_WHAT THE TASK REQUIRES_:
Your reply should reproduce all the data below exactly while excluding the pictures.

_PROVIDED MATERIAL_:
──────
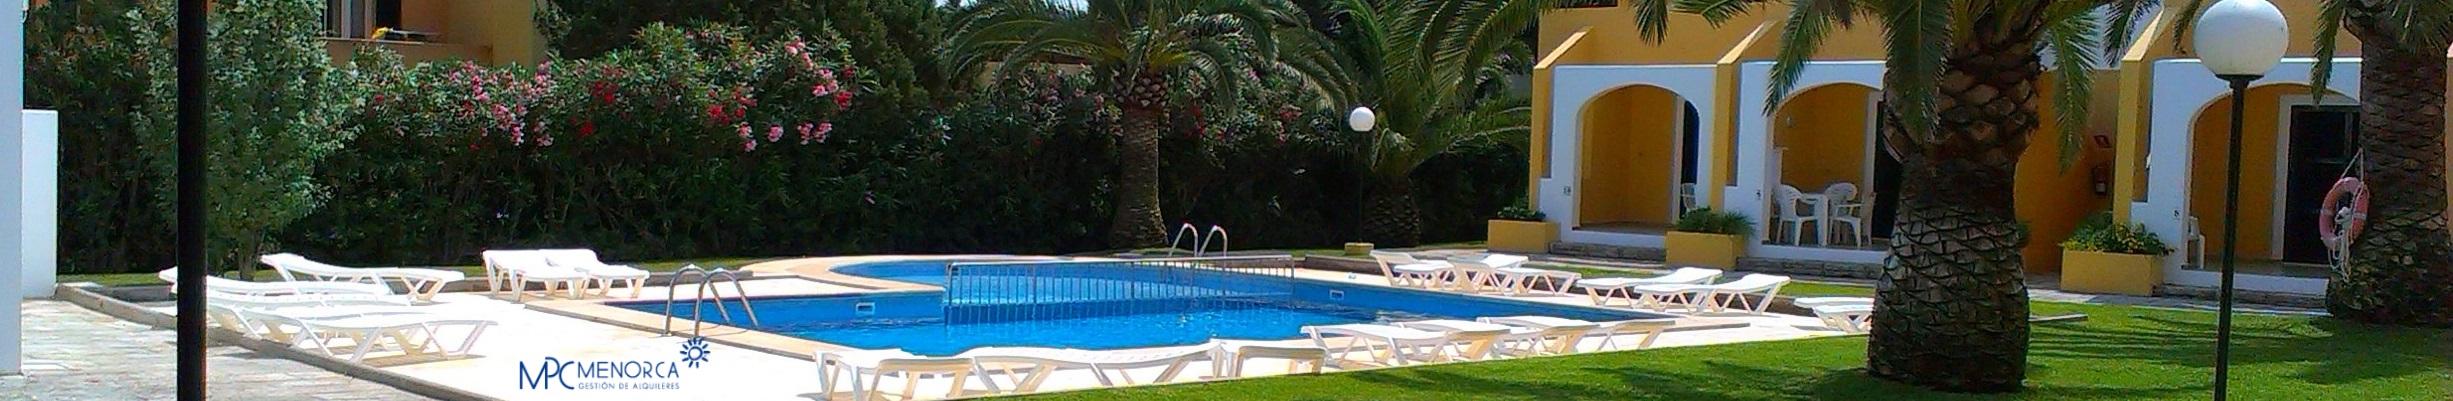 Jardín Costa Menorca - Menorca MPC
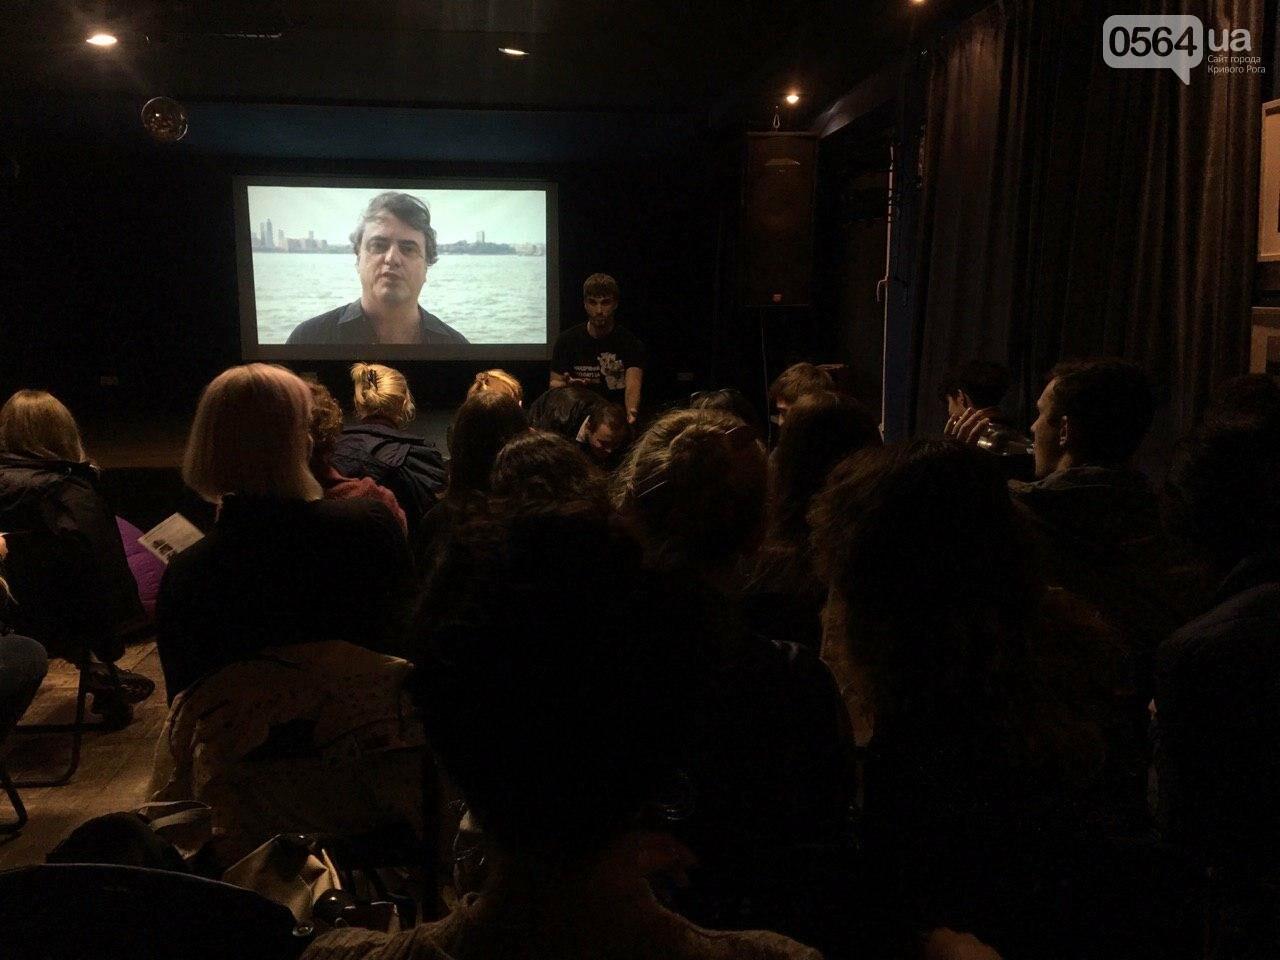 Криворожане проголосовали за лучшие короткометражные фильмы, показанные в рамках Манхеттенского фестиваля, - ФОТО, ВИДЕО , фото-13
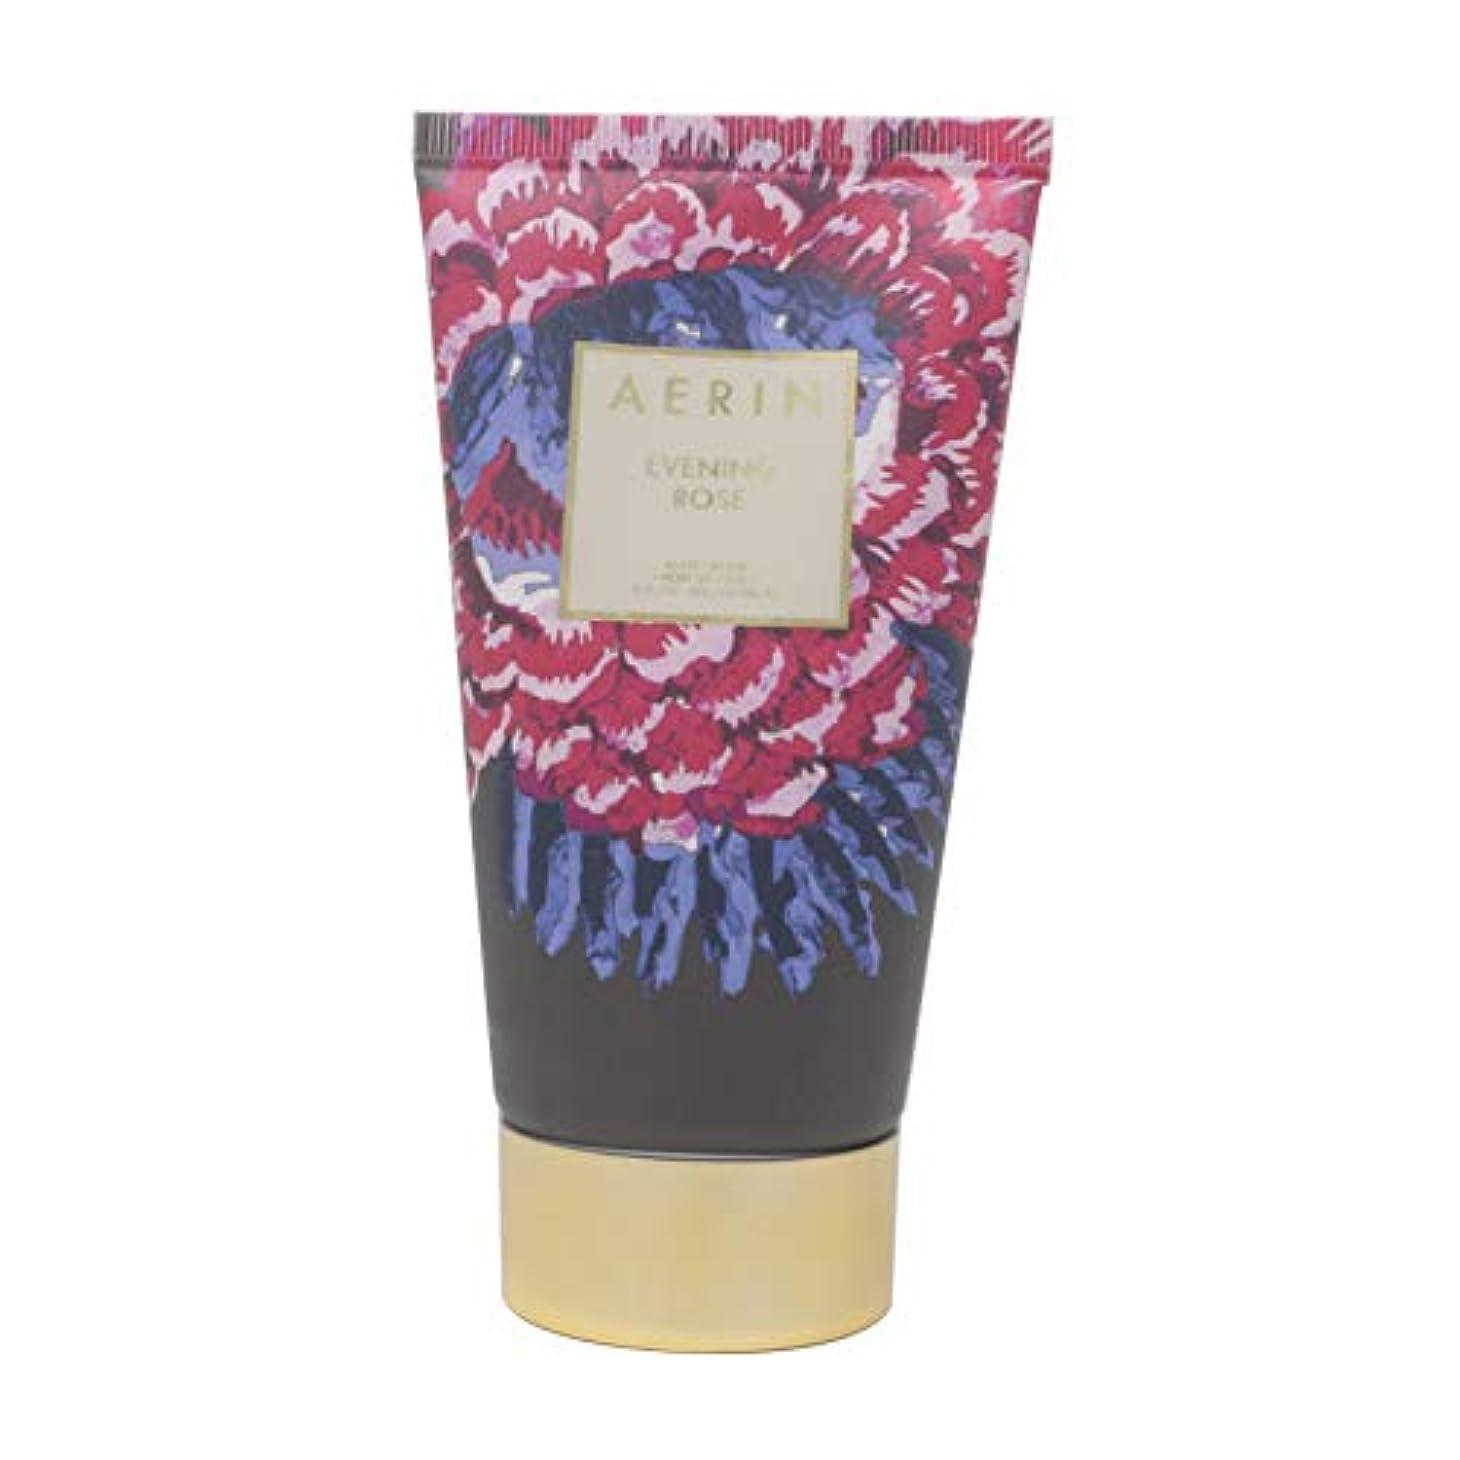 そうでなければホバー意図AERIN 'Evening Rose' (アエリン イブニング ローズ) 5.0 oz (150ml) Body Cream ボディークリーム by Estee Lauder for Women
──────
_TASK OUTPUT_:
 Jardín Costa Menorca - Menorca MPC
 Криворожане проголосовали за лучшие короткометражные фильмы, показанные в рамках Манхеттенского фестиваля, - ФОТО, ВИДЕО , фото-13
 そうでなければホバー意図AERIN 'Evening Rose' (アエリン イブニング ローズ) 5.0 oz (150ml) Body Cream ボディークリーム by Estee Lauder for Women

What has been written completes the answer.